++++ Material provided ++++

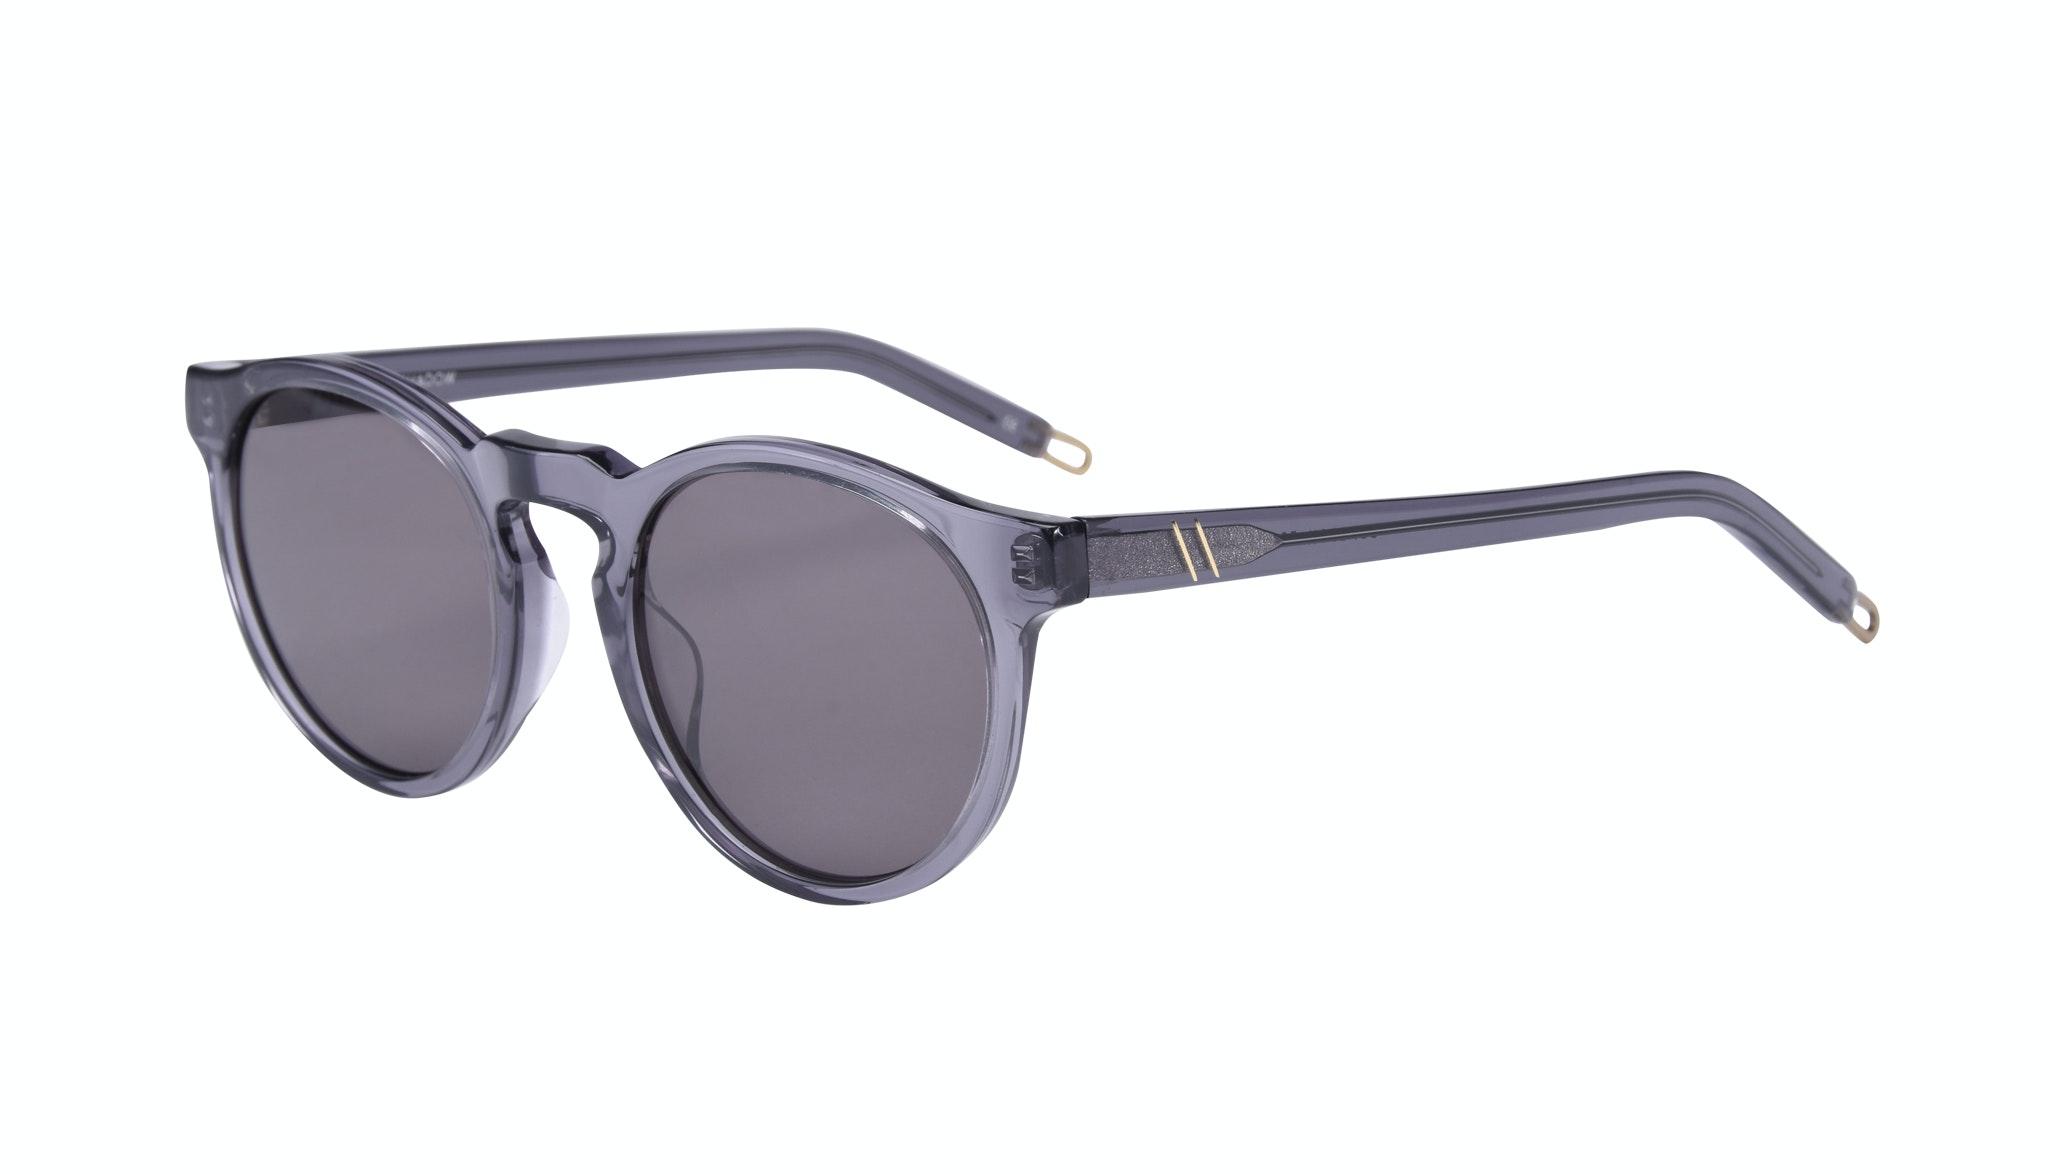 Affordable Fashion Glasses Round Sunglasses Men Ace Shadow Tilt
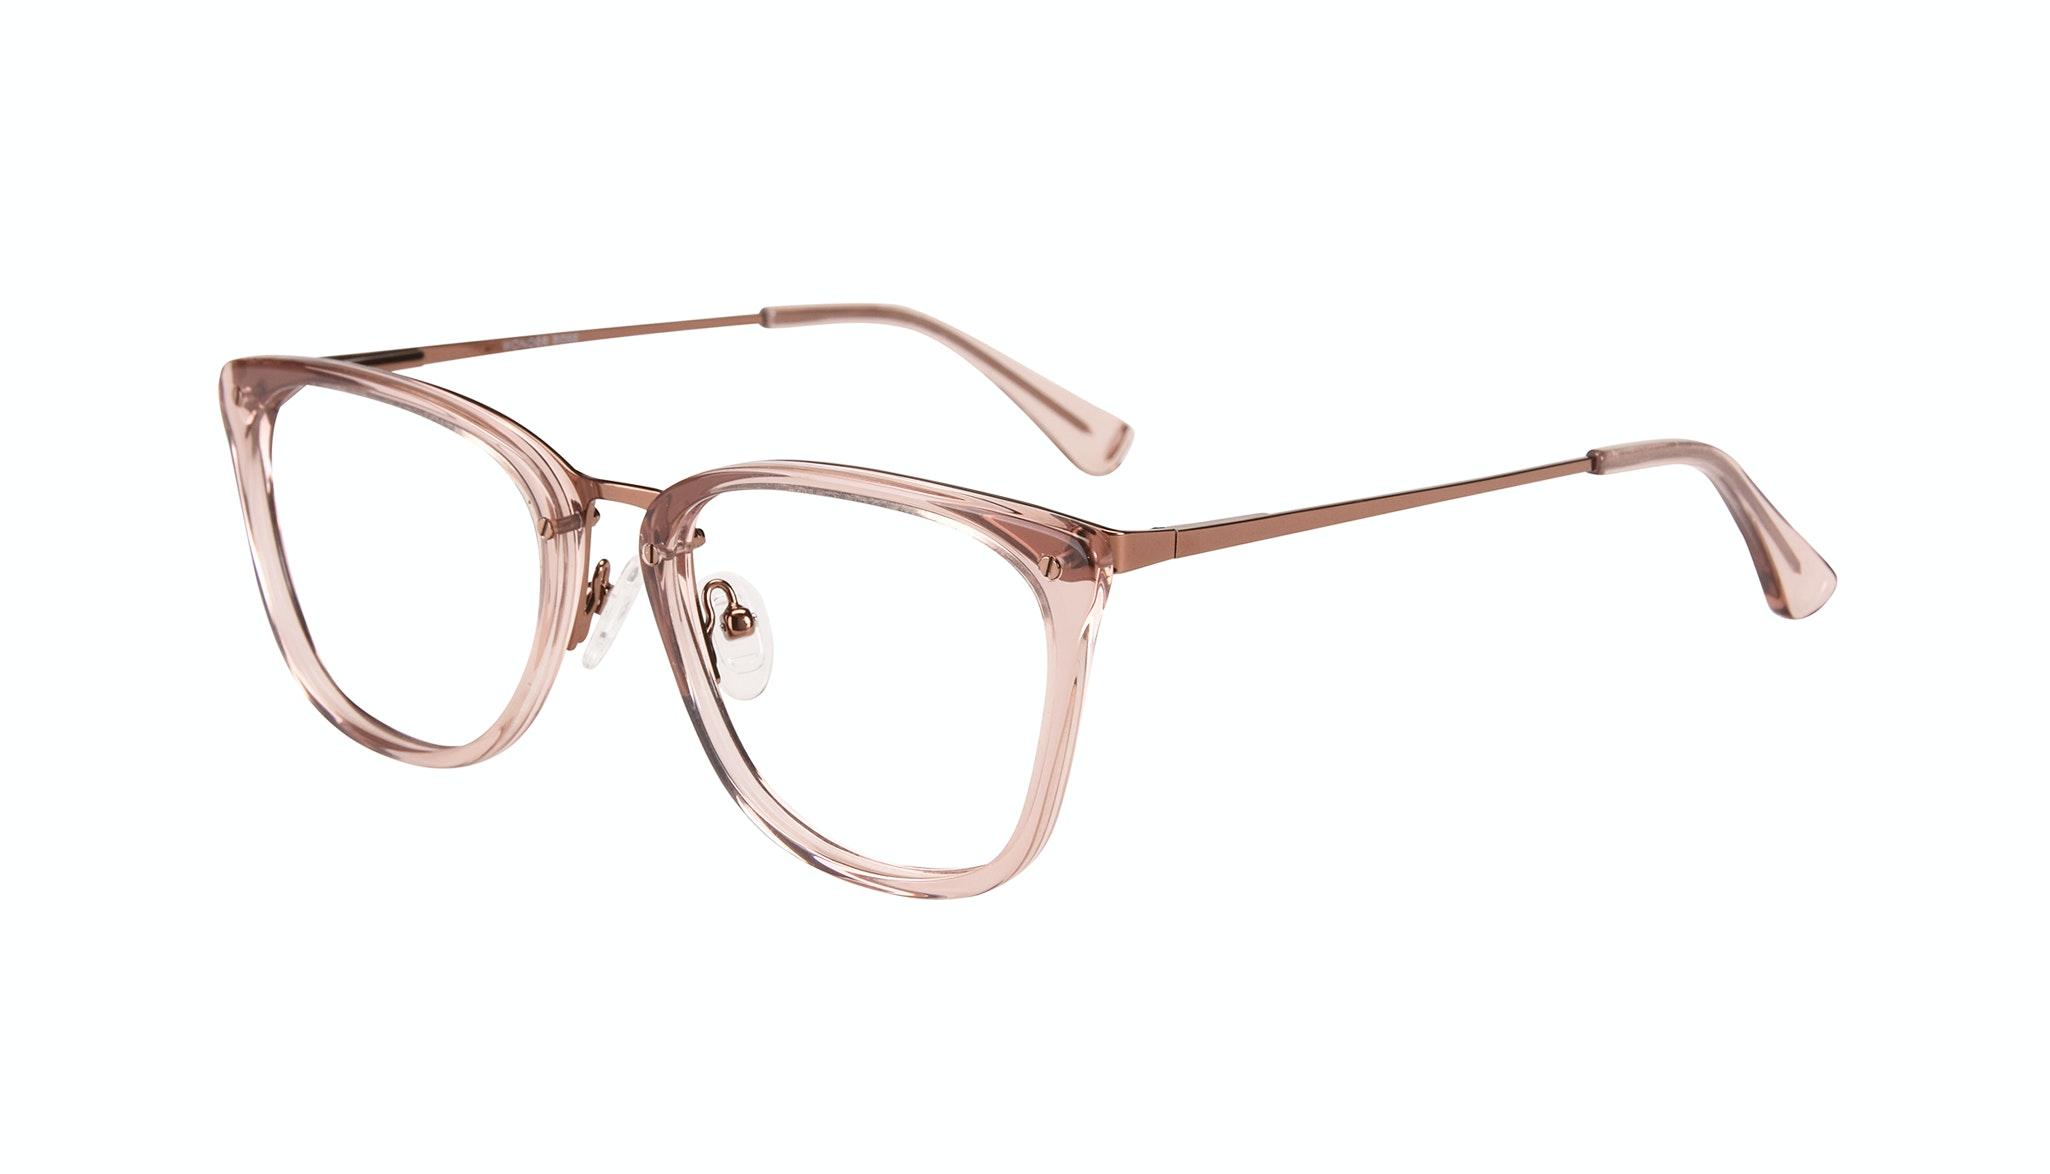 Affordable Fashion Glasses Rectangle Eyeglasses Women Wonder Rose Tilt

++++
++++ Material provided ++++

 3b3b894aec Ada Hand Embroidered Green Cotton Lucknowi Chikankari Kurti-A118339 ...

++++

→ **Task requirements**
Above this task is a listing with pictures in it. Retype only the lines from the one containing "Affordable Fashion Glasses Round" through the one containing "Affordable Fashion Glasses Rectangle", both included, and not the pictures.

→ **Expected answer**
 Affordable Fashion Glasses Round Sunglasses Men Ace Shadow Tilt
 Affordable Fashion Glasses Rectangle Eyeglasses Women Wonder Rose Tilt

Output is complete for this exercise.